[Data extract]
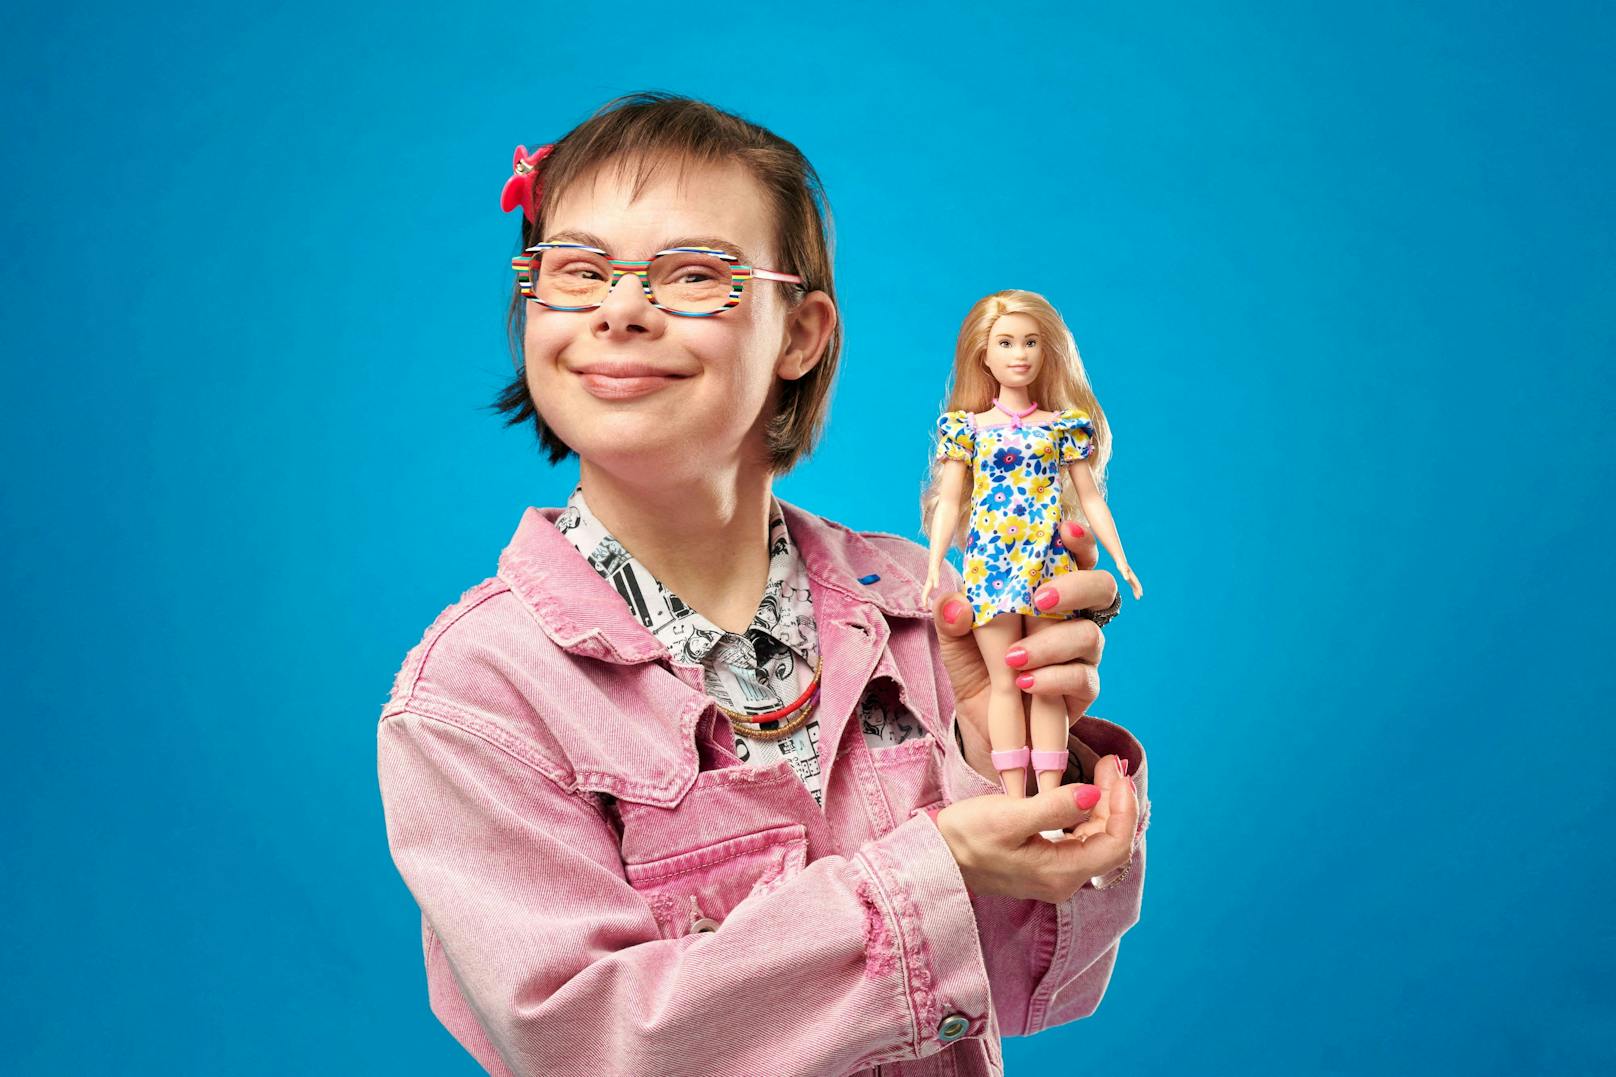 Für die Puppe habe das Unternehmen mit der National Down Syndrome Society (NDSS) in den Vereinigten Staaten zusammengearbeitet. So sollte sichergestellt werden, "dass die Puppe eine Person mit Downsyndrom akkurat repräsentiert".
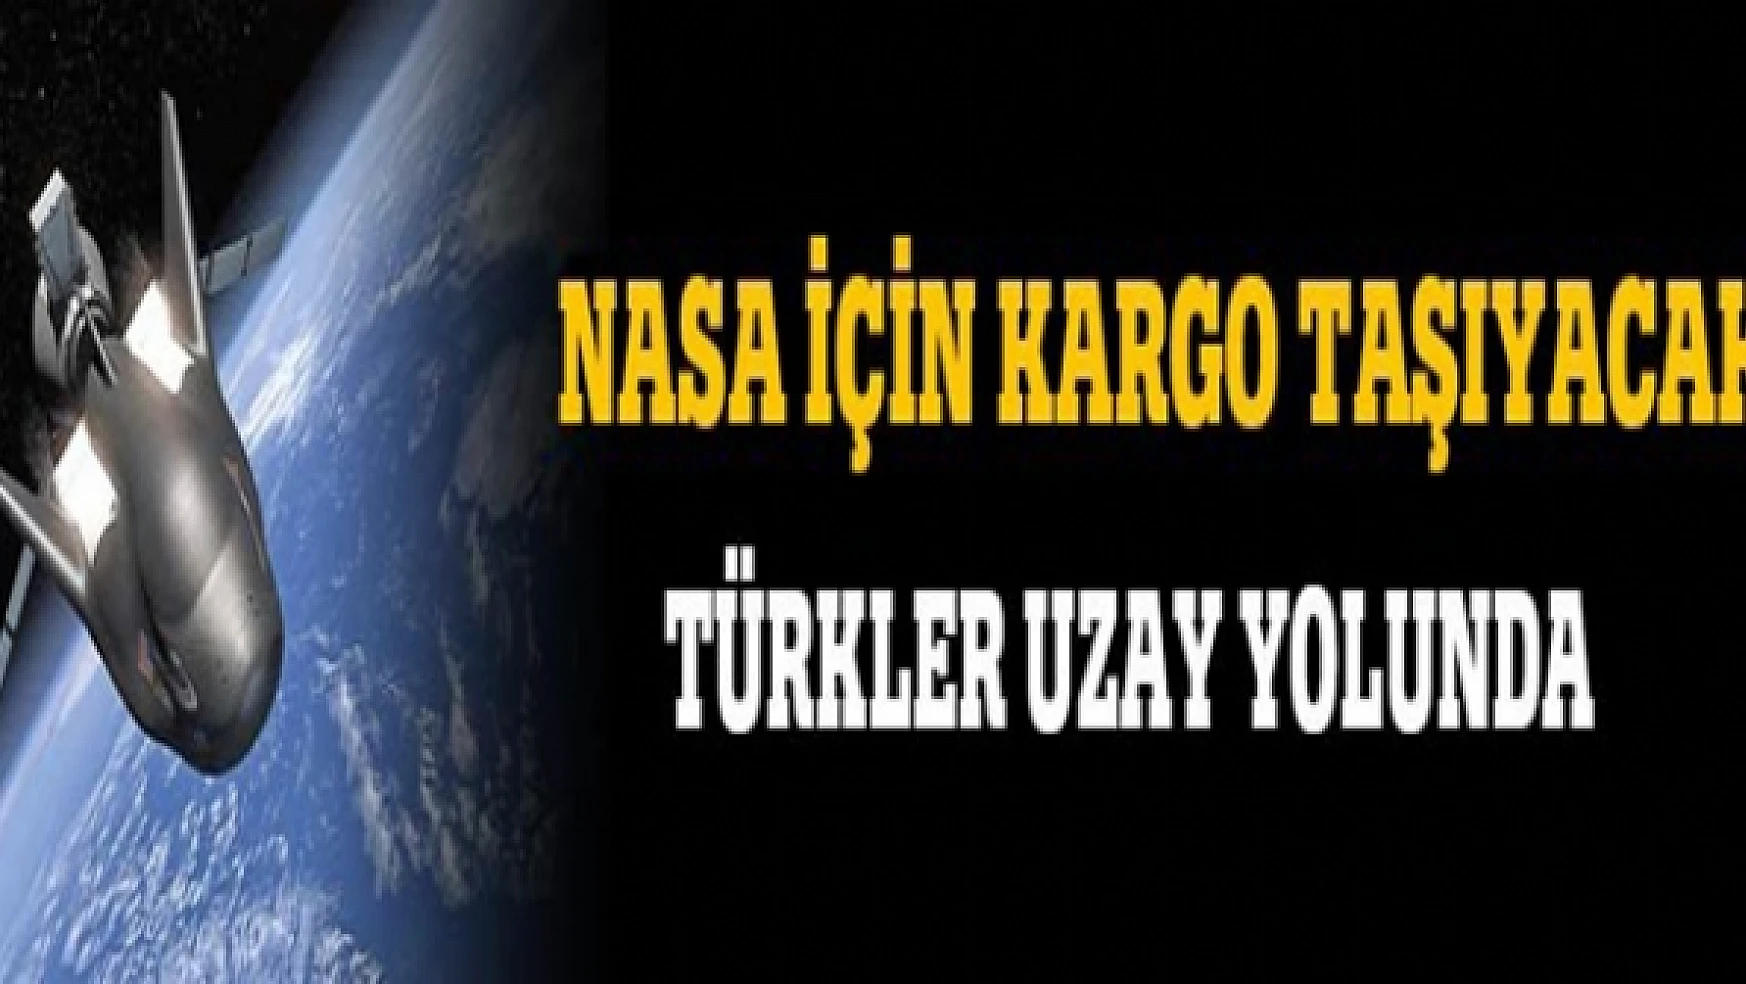 Türkler uzay yolunda
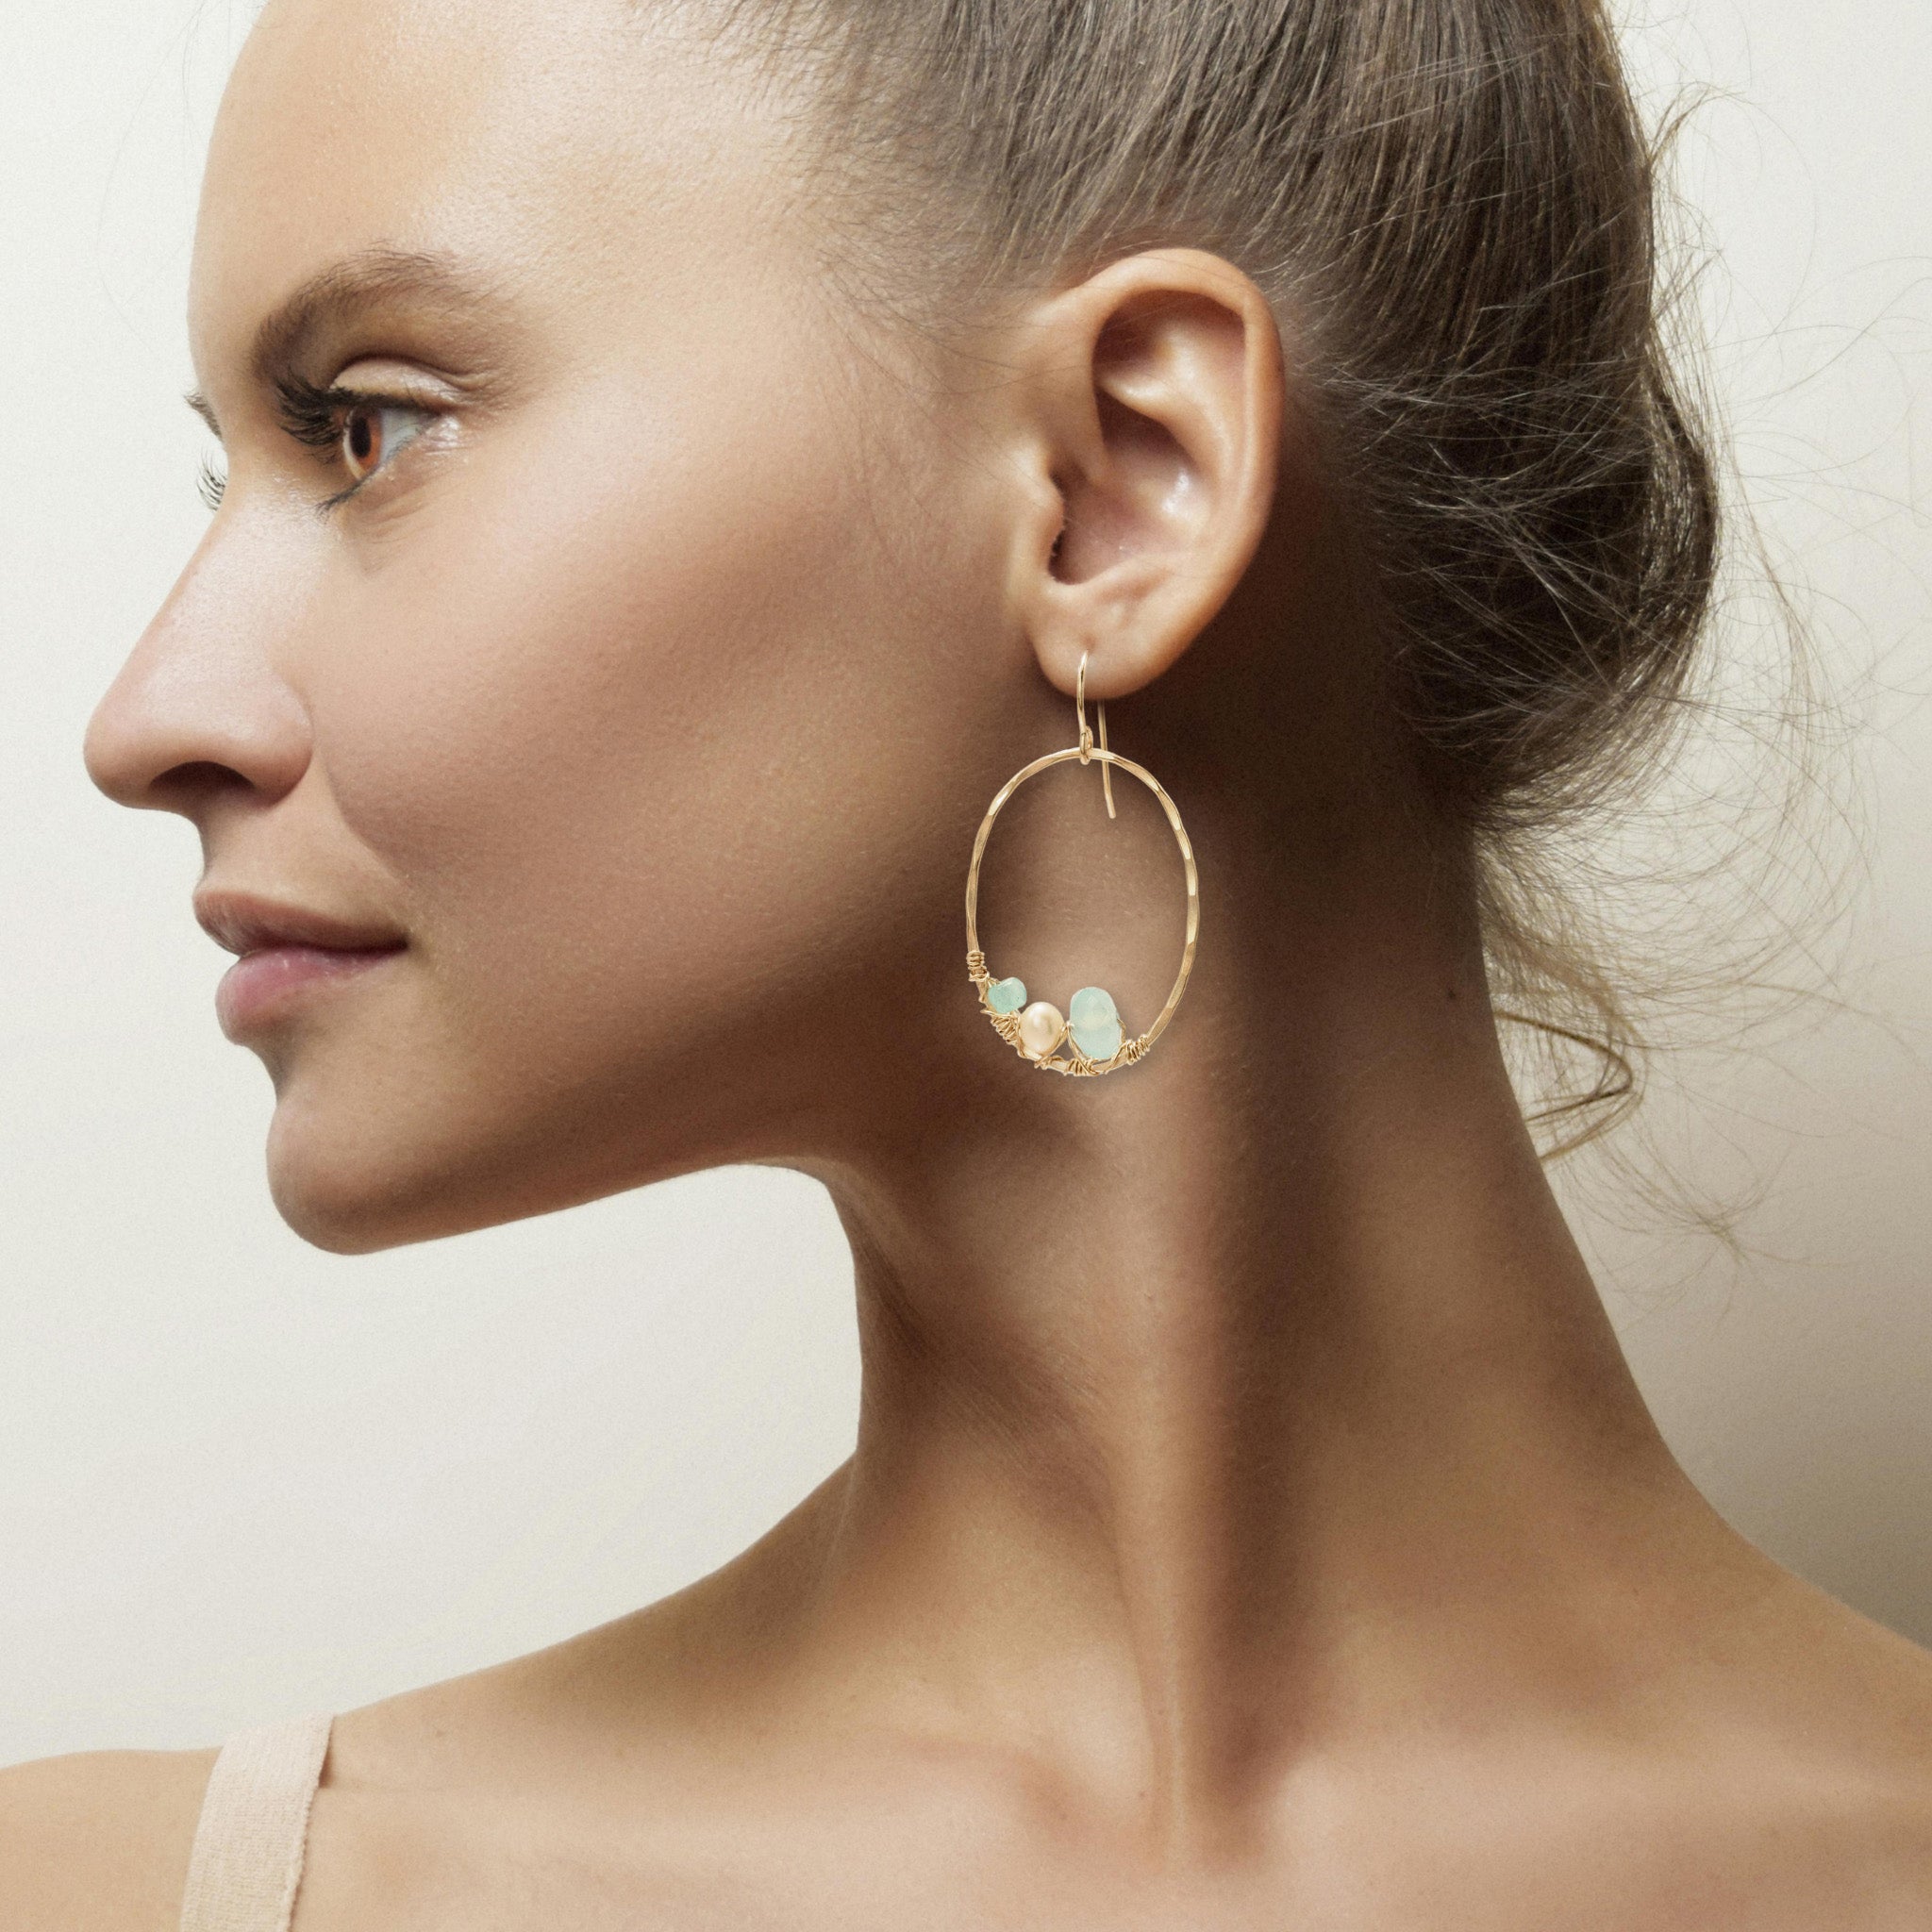 Oval Aqua Earrings - Earrings
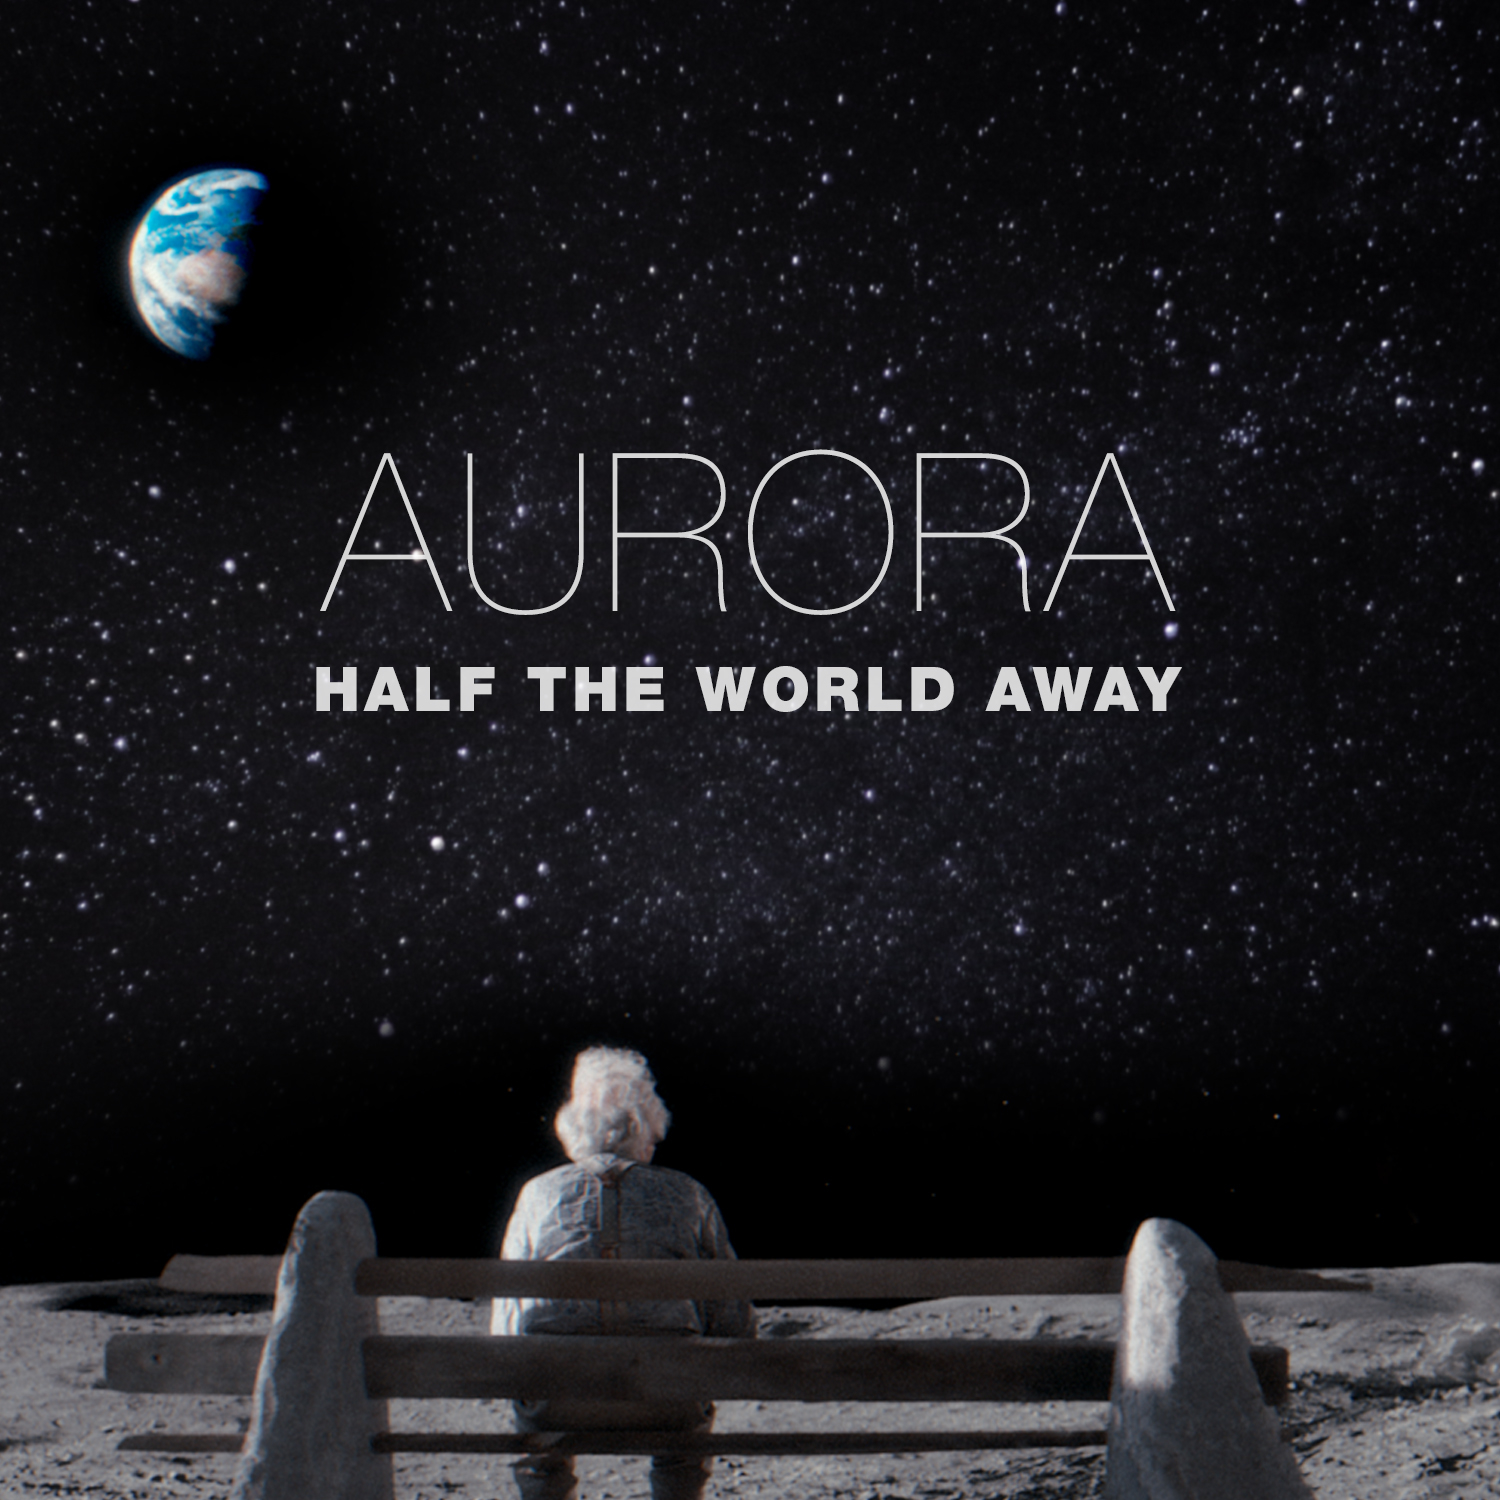 Aurora Aksnes Scarborough Fair Album Cover T-Shirt Black
[/Data extract]
**What you have to do**
Repeat the data in full, exactly as it stands, but drop every picture.

**Response to the task**
 Für die Puppe habe das Unternehmen mit der National Down Syndrome Society (NDSS) in den Vereinigten Staaten zusammengearbeitet. So sollte sichergestellt werden, "dass die Puppe eine Person mit Downsyndrom akkurat repräsentiert".
 Türkler uzay yolunda
 Oval Aqua Earrings - Earrings
 Aurora Aksnes Scarborough Fair Album Cover T-Shirt Black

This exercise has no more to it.